How to complete this task ▸
Give back the whole listing verbatim, printing none of its pictures.

Given material ▸
- - - - - - -
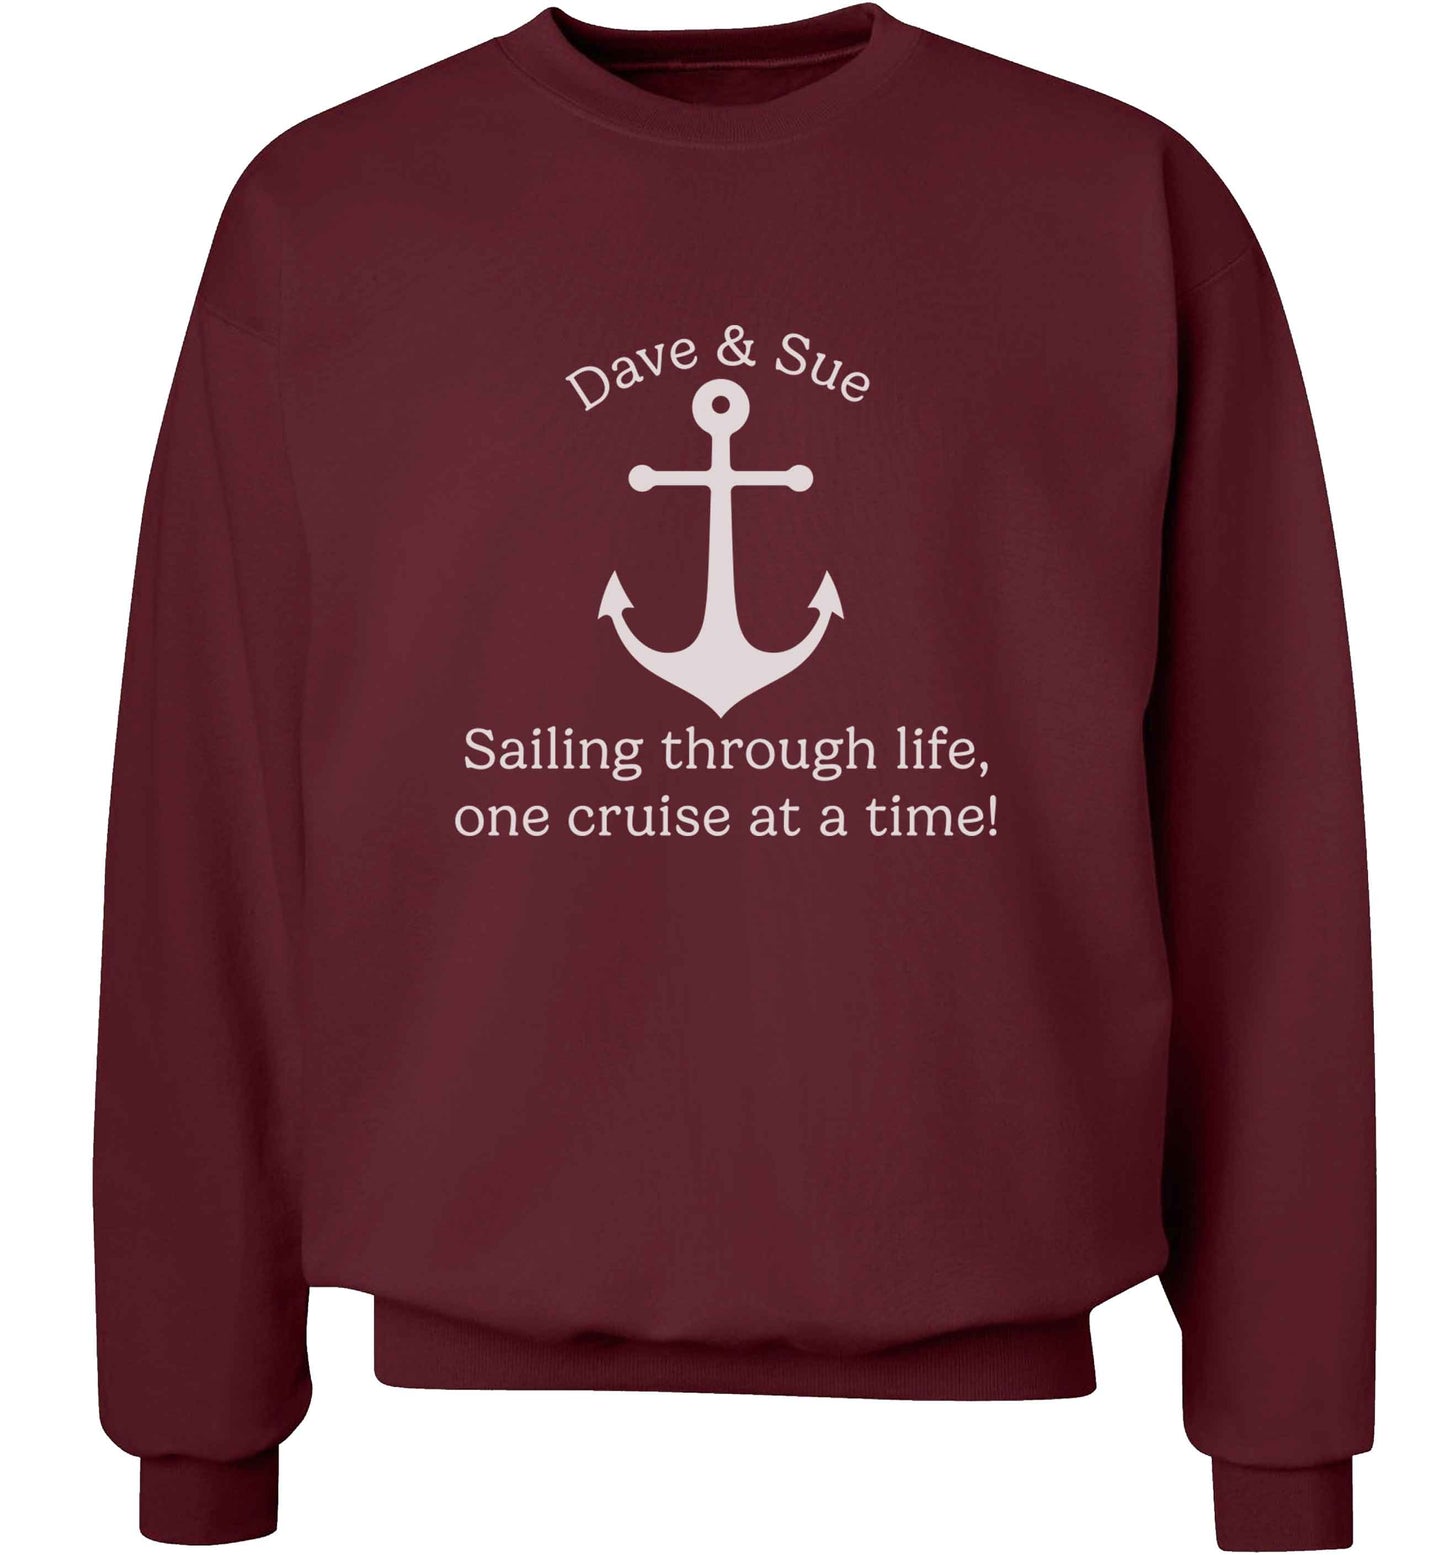 Sailing through life one cruise at a time - personalised adult's unisex maroon sweater 2XL
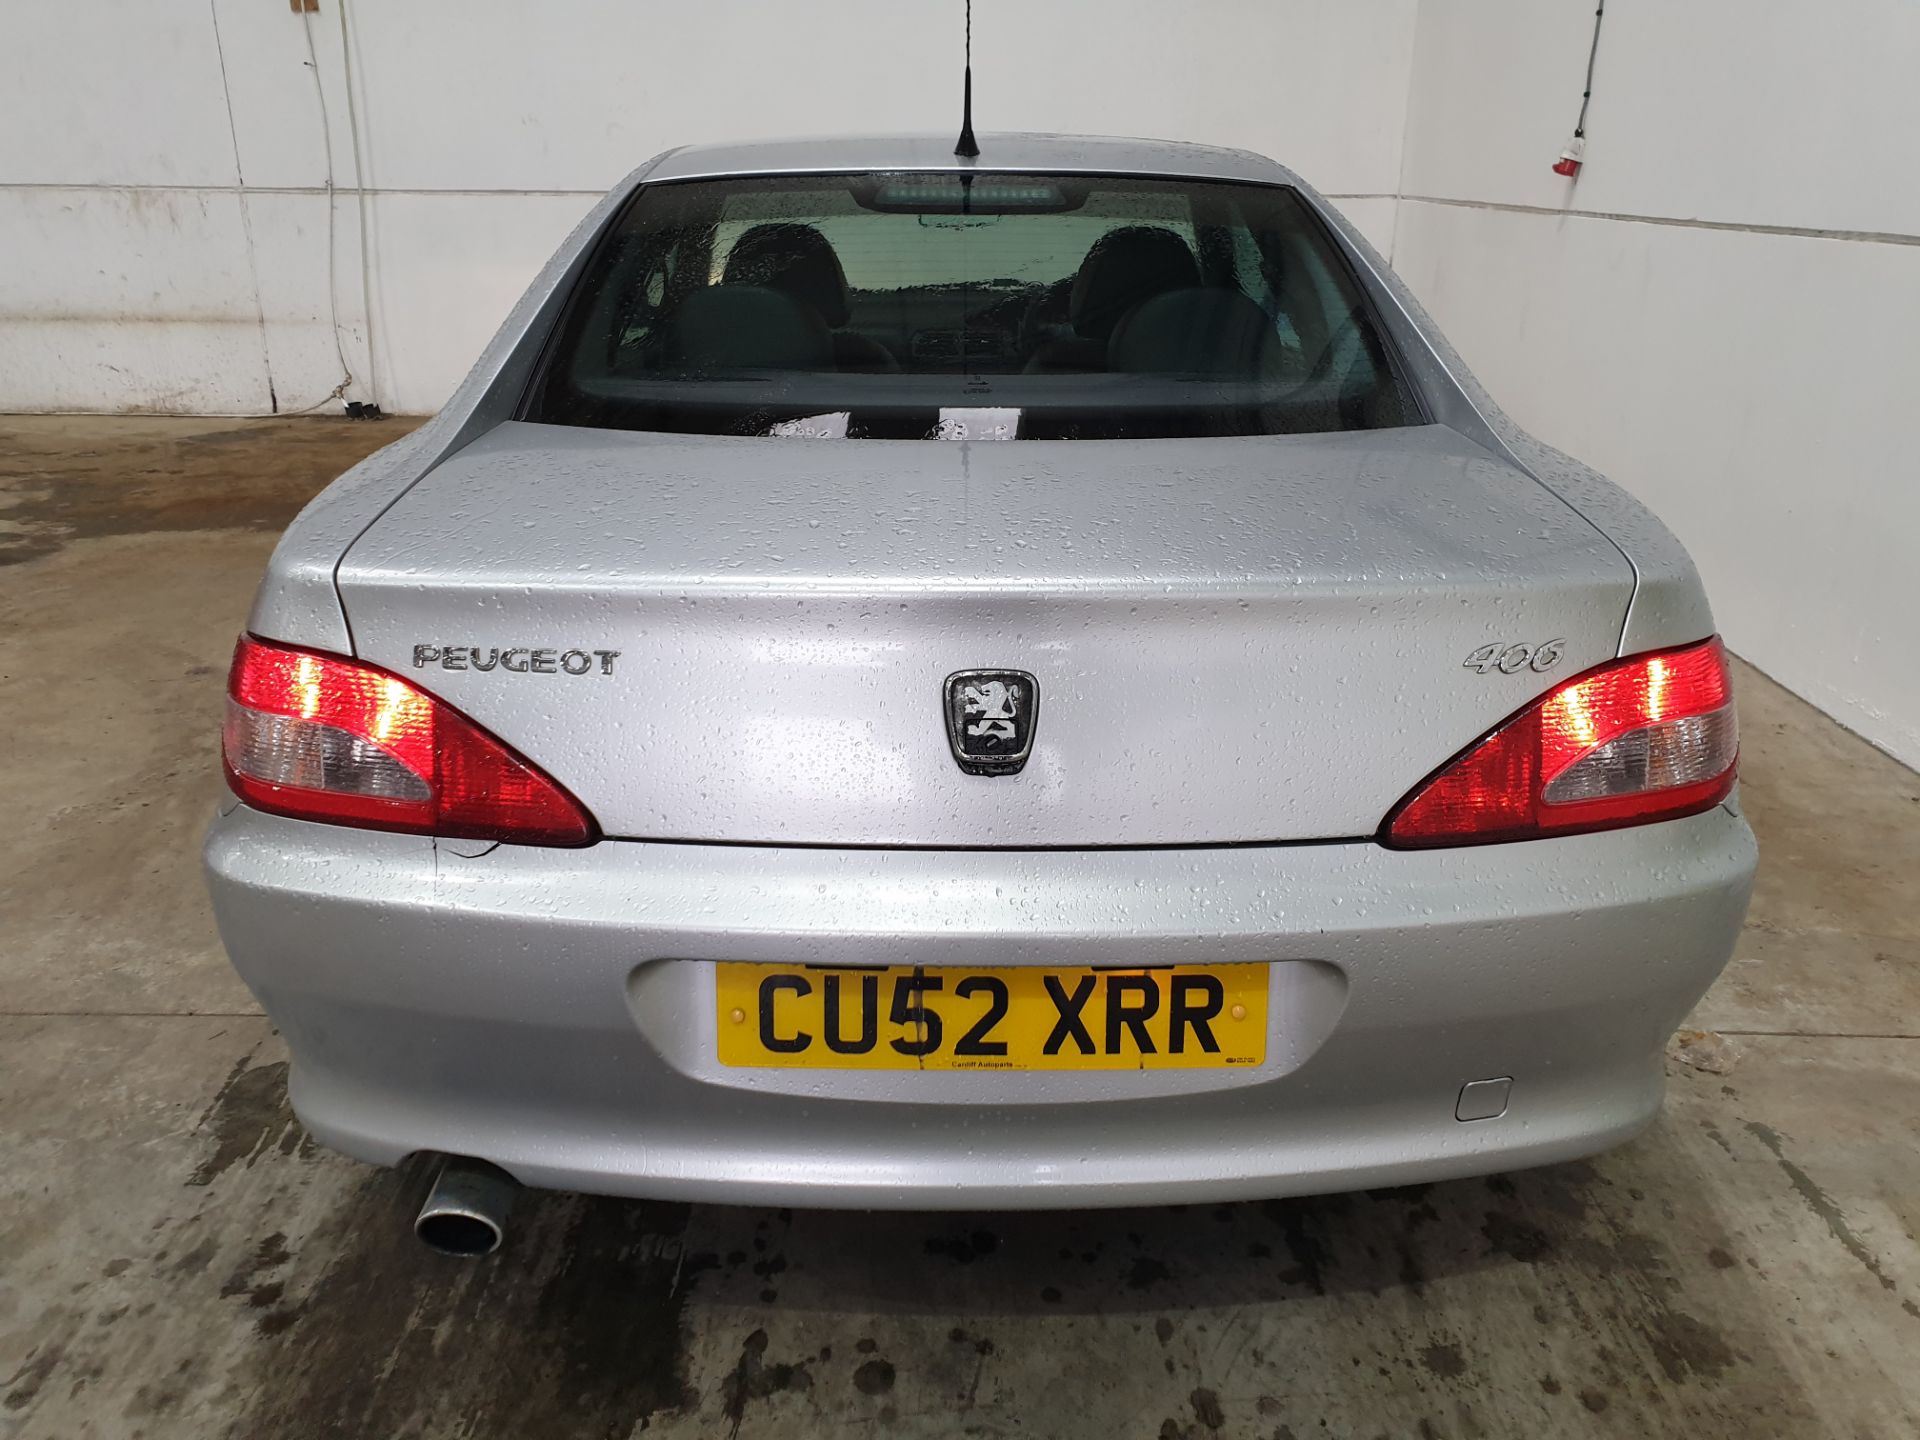 Peugeot 406 Coupe HDI, 2 owners, - Image 4 of 11
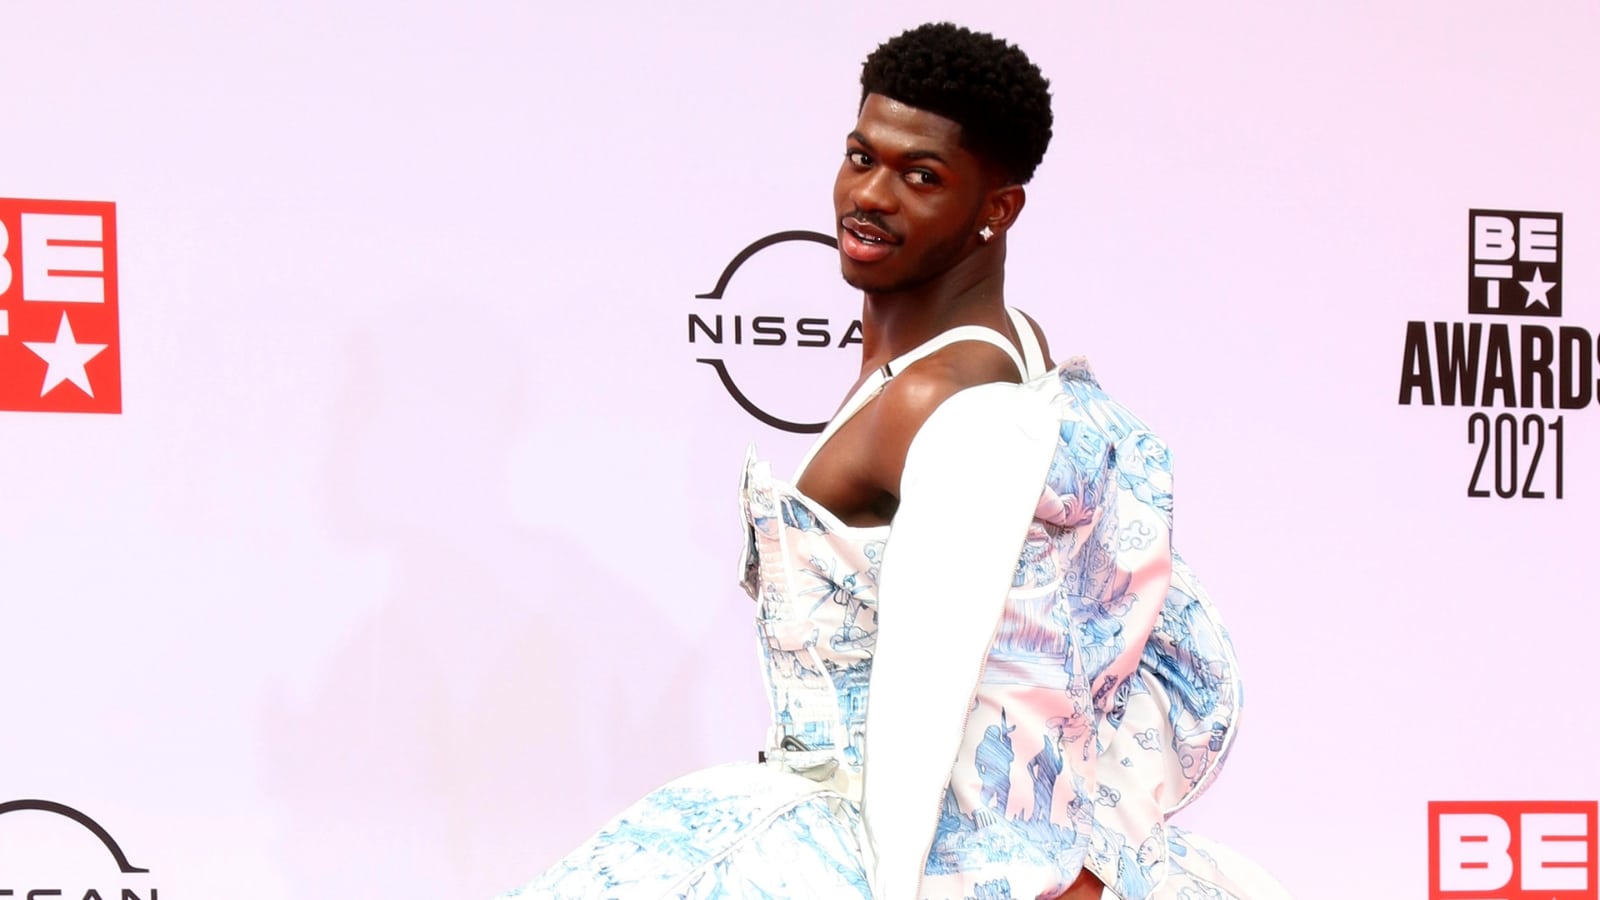 LOS ANGELES - JUN 27: Lil Nas X at the BET Awards 2021 Arrivals at the Microsoft Theater on June 27, 2021 in Los Angeles, CA
- - - - - - -
Solution to this task ▸
 Sailing through life one cruise at a time - personalised adult's unisex maroon sweater 2XL
 Peugeot 406 Coupe HDI, 2 owners, - Image 4 of 11
 LOS ANGELES - JUN 27: Lil Nas X at the BET Awards 2021 Arrivals at the Microsoft Theater on June 27, 2021 in Los Angeles, CA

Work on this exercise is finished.